> ASSIGNED TASK
Output, word for word, the lines of this listing that fall between the line with "激しい 慌ただしい スピード" and the line with "陳海茵私下以照顧女兒為樂。圖/陳海茵提供", counting both of those lines, and no others.

> LISTED RECORDS
□ □ □

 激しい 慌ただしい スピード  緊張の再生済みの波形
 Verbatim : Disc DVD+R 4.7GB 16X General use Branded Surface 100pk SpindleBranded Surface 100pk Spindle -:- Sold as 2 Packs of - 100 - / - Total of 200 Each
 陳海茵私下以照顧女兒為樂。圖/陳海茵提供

□ □ □

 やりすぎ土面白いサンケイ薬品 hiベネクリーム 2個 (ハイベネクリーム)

□ □ □

> REPLY
 激しい 慌ただしい スピード  緊張の再生済みの波形
 Verbatim : Disc DVD+R 4.7GB 16X General use Branded Surface 100pk SpindleBranded Surface 100pk Spindle -:- Sold as 2 Packs of - 100 - / - Total of 200 Each
 陳海茵私下以照顧女兒為樂。圖/陳海茵提供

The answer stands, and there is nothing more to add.